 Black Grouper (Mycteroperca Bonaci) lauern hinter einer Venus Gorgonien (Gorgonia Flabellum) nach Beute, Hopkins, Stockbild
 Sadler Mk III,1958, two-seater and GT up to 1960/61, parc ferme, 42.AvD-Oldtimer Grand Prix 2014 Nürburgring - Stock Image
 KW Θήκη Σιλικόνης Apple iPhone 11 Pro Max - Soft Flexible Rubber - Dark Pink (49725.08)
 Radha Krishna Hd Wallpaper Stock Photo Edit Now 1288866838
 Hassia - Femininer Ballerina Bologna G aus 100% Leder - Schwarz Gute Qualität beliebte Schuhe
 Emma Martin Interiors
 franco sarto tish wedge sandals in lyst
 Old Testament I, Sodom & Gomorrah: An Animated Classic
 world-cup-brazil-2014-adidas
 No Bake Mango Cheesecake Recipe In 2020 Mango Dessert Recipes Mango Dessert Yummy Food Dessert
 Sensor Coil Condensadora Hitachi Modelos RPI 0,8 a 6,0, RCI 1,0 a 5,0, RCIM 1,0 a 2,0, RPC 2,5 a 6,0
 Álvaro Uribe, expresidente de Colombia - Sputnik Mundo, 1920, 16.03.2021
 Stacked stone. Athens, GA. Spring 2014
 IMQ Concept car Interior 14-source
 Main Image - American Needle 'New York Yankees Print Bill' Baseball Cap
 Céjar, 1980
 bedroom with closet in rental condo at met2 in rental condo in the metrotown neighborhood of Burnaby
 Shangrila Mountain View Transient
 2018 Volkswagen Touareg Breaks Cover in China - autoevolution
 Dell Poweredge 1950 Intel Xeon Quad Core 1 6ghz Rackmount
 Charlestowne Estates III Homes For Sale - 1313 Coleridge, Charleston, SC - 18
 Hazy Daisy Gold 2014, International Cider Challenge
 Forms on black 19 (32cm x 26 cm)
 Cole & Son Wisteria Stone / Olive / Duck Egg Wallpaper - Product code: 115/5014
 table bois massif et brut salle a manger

WHAT TO DO:
Write the lines out again exactly, beginning at the line that contains "Céjar, 1980" and stopping only at the final line of the listing above.

ANSWER TO THIS PROBLEM:
 Céjar, 1980
 bedroom with closet in rental condo at met2 in rental condo in the metrotown neighborhood of Burnaby
 Shangrila Mountain View Transient
 2018 Volkswagen Touareg Breaks Cover in China - autoevolution
 Dell Poweredge 1950 Intel Xeon Quad Core 1 6ghz Rackmount
 Charlestowne Estates III Homes For Sale - 1313 Coleridge, Charleston, SC - 18
 Hazy Daisy Gold 2014, International Cider Challenge
 Forms on black 19 (32cm x 26 cm)
 Cole & Son Wisteria Stone / Olive / Duck Egg Wallpaper - Product code: 115/5014
 table bois massif et brut salle a manger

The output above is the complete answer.